Verification report:

  • Build: PASS
  • Tests: 31 run, 31 passed, 0 failed
  • Verification criteria:
    • Public API of the module is unchanged: PASS (index.ts exports the same 6 functions, all 8 consumer files unchanged)
    • All existing tests pass: PASS (31 tests, 0 failures, 0 skipped)
    • No new circular dependencies introduced: PASS (password.ts, token.ts, session.ts have no cross-imports; auth.ts imports from siblings only)
    • Code complexity is reduced: PASS (auth.ts: 340 lines -> 58 lines, cyclomatic complexity: 24 -> 4; largest new file is session.ts at 85 lines with complexity 6)
  • Status: PASS

Final result

StageAgentWhat happened
ResearchresearcherMapped module structure, found 3 tangled concerns in one 340-line file
Planarchitect5-step execution order, tests pass after each step
Implementdeveloper3 files created, 4 files modified, auth.ts reduced to 58 lines
VerifyreviewerAll 31 tests pass, public API unchanged, no circular dependencies

The refactored module is in your working directory, ready for review. The public API surface is identical -- all 8 consumer files work without changes.
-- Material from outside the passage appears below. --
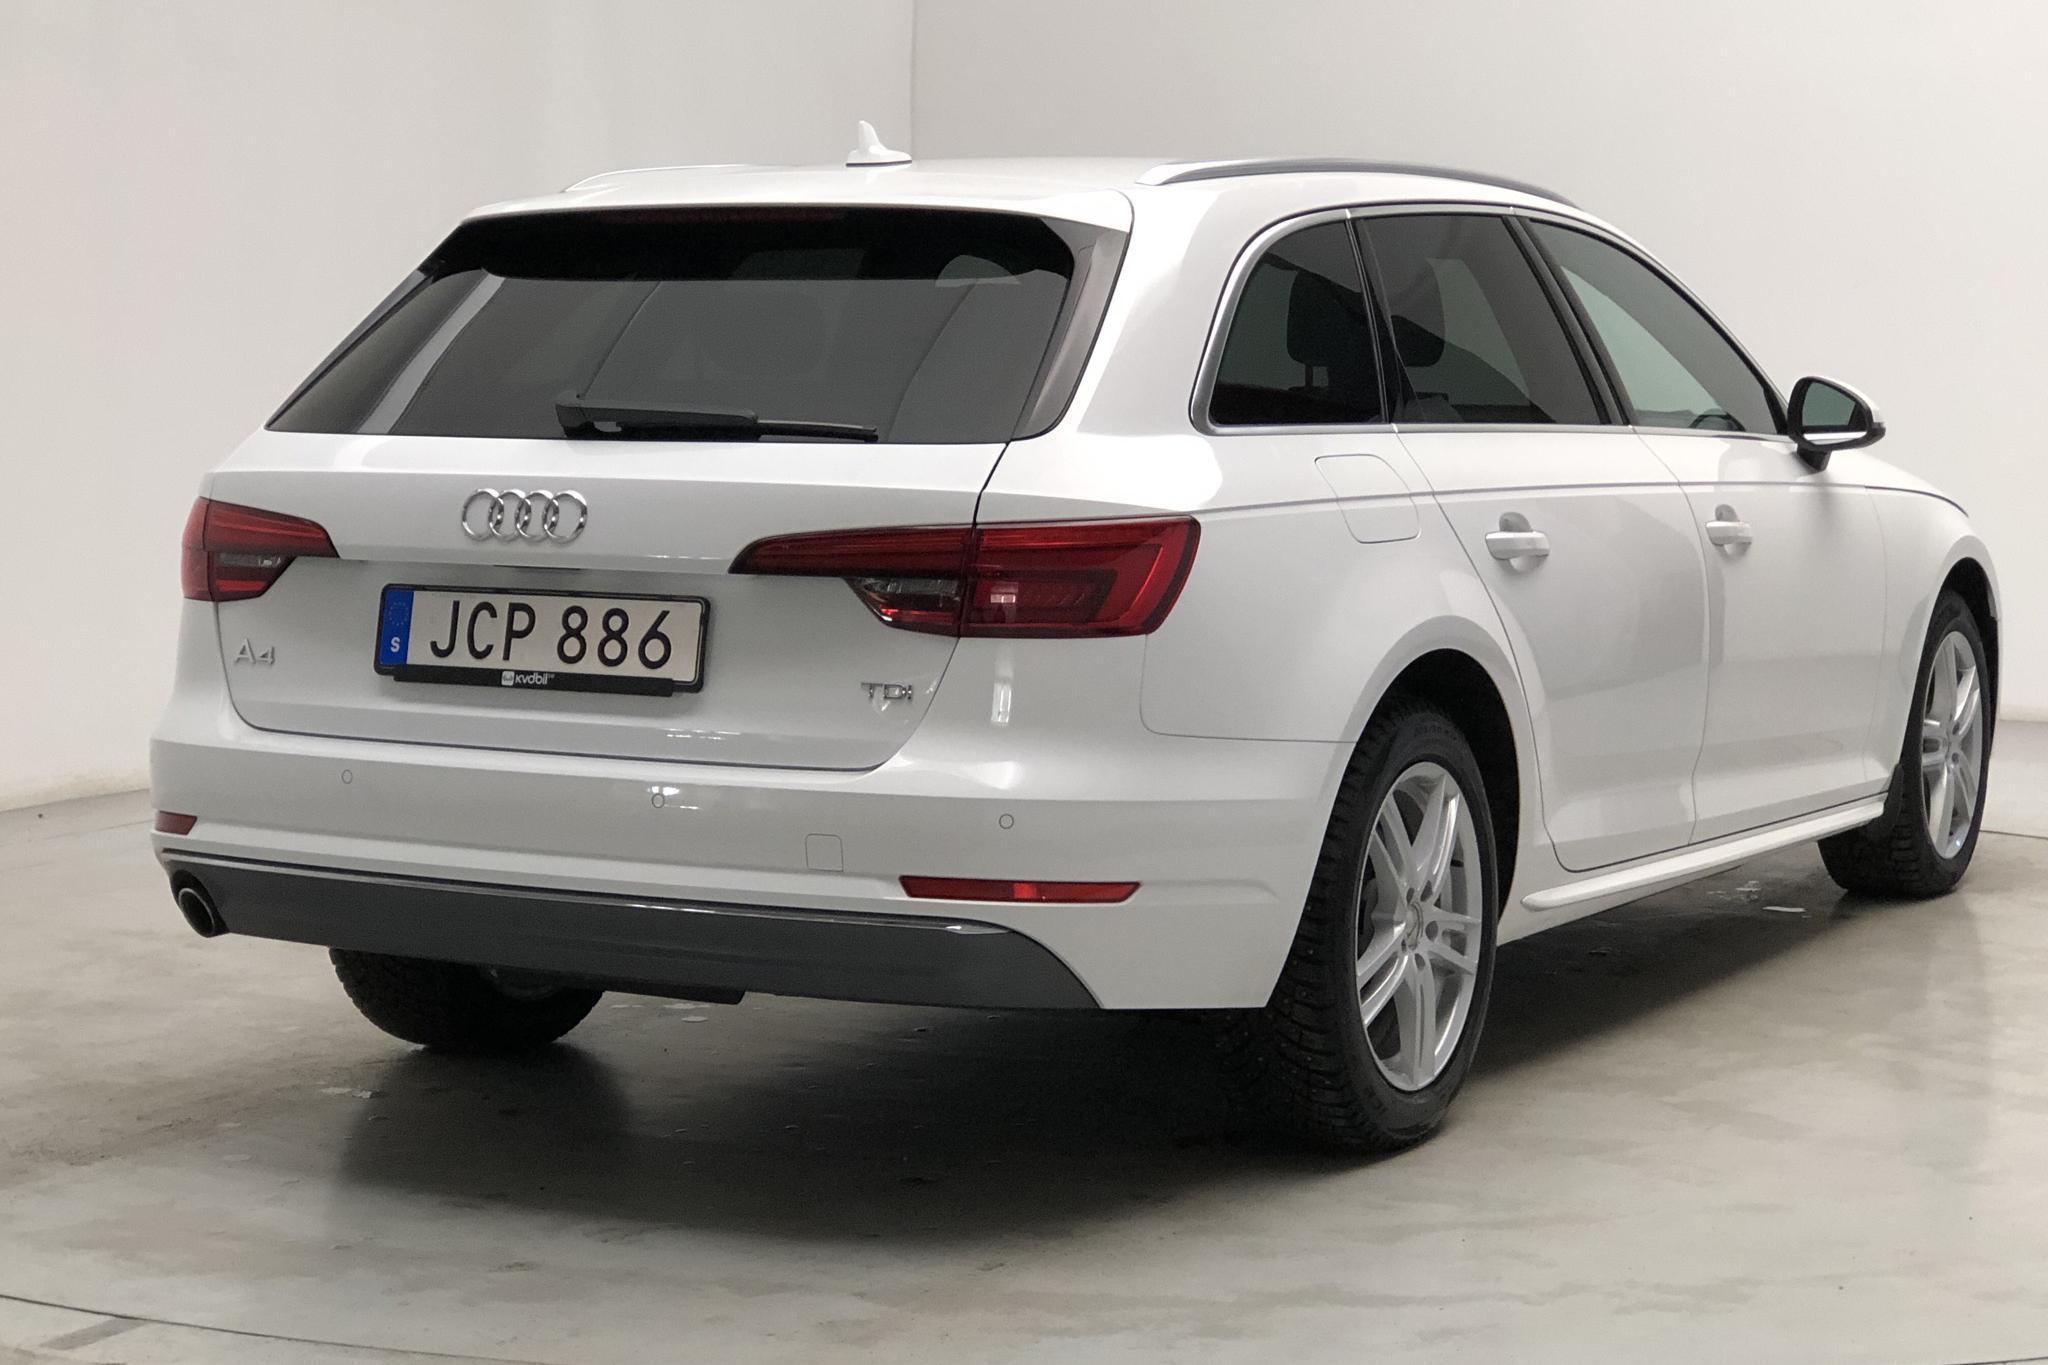 Audi A4 2.0 TDI Avant (150hk) - 135 770 km - Automatic - white - 2017

Key patterns in this walkthrough

Two variables for precise scoping. The target_module and refactor_goal variables let you specify exactly what to refactor and why. Without variables, you would need to describe the scope and objective in a long task description and hope each agent interprets it correctly.

Variable substitution in prompts. Both ${target_module} and ${refactor_goal} appear in the research, plan, and verify stage prompts. The researcher analyzes src/auth/ specifically. The architect plans toward the stated goal. The reviewer checks that the goal was met. Every agent works from the same substituted values.

Safe execution order. The plan defines five steps where tests pass after each one. This means if any step breaks something, the failure is isolated to that step. The developer follows this order, and the reviewer can verify that the incremental approach was respected.

Public API preservation. The tactic's verification criteria explicitly check that the module's public API is unchanged. The index.ts barrel export acts as a contract: as long as it exports the same functions with the same signatures, consumer files are unaffected. The reviewer confirms all 8 importing files work without modification.